Una valida politica per l’immigrazione e l’integrazione non può
essere attuata senza la consapevolezza della propria identità
nazionale e culturale. Il nostro atteggiamento di fondo è a un
tempo patriottico e aperto al mondo. L’identità della nazione tedesca nasce dal nostro ordinamento costituzionale, così come dalla
storia, dalla lingua e dalla cultura che abbiamo in comune. La
nostra cultura comprende la tradizione sviluppatasi nel corso della
storia, così come le diverse espressioni della vita degli uomini e
delle donne del nostro tempo. Nel corso della storia e sulla base
della civiltà europea, abbiamo sviluppato un’identità e una cultura
nazionali che si riflettono nella nostra lingua, nelle arti, negli usi
e costumi così come nella nostra concezione del diritto e della
democrazia, delle libertà e dei doveri dei cittadini. La Germania è
partecipe dei valori comuni dell’Occidente cristiano, e appartiene
pertanto alla comunità culturale europea.

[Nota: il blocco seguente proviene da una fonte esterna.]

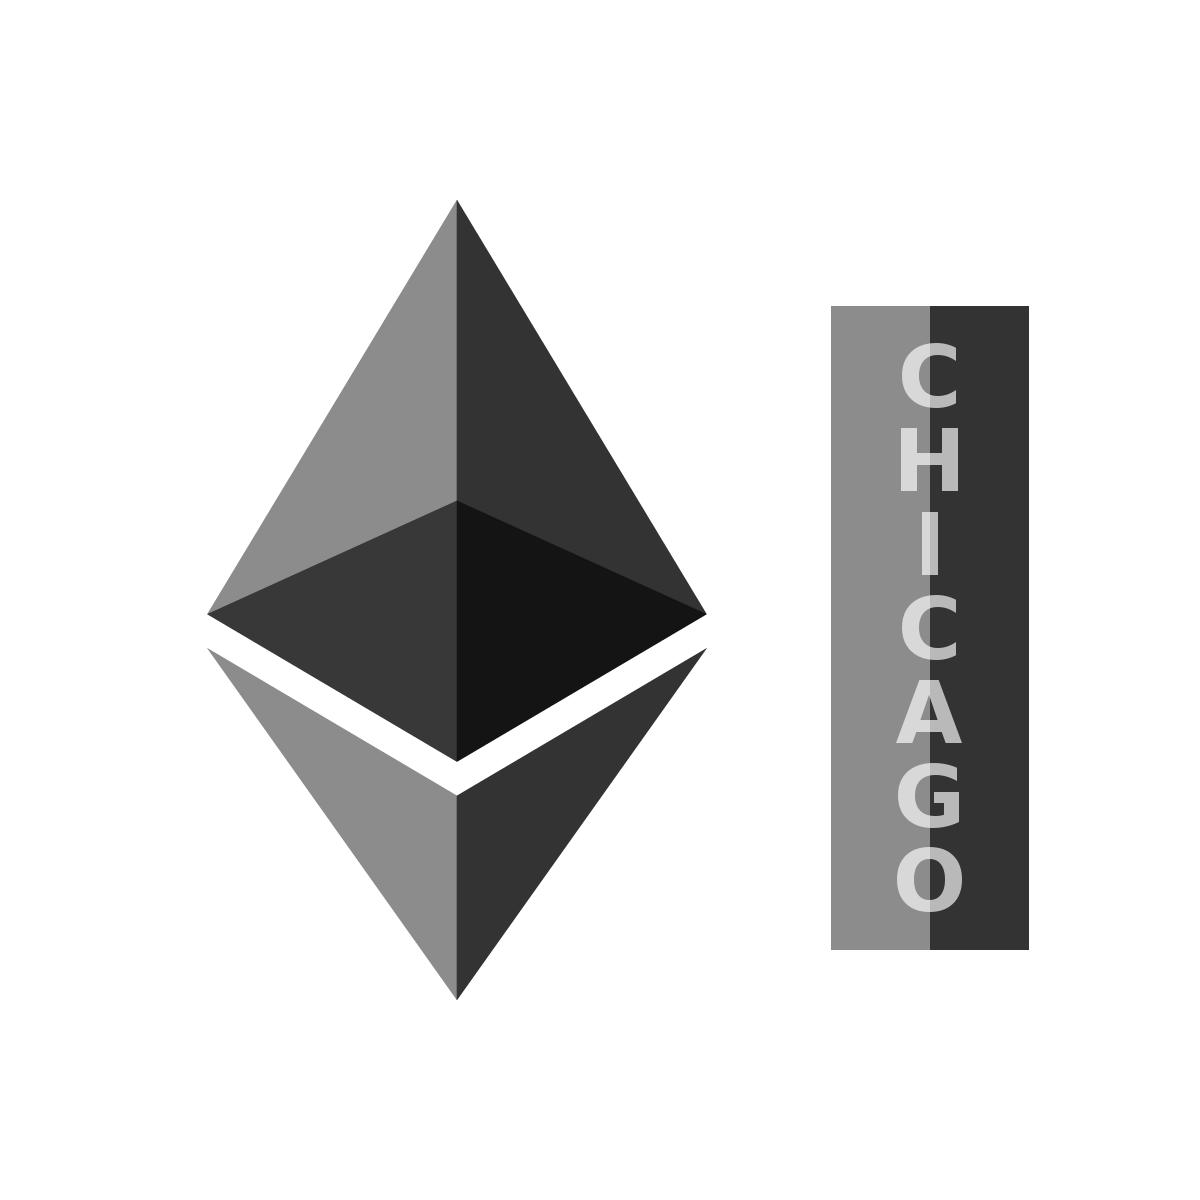 Chicago Ethereum Meetup

In quanto nazione, portiamo collettivamente la responsabilità del
nostro passato, così come quella della costruzione del nostro
futuro. La condivisione del nostro retaggio storico e culturale e la
nostra comune volontà di libertà e unità sono espressione della
nostra identità nazionale e costituiscono la condizione fondamentale per il rinsaldarsi dei vincoli tra gli individui che compongono il
nostro popolo e il nostro Stato riunificati. La coscienza nazionale,
intesa in senso democratico, promuove la disponibilità ad assumersi le responsabilità e gli oneri collettivi.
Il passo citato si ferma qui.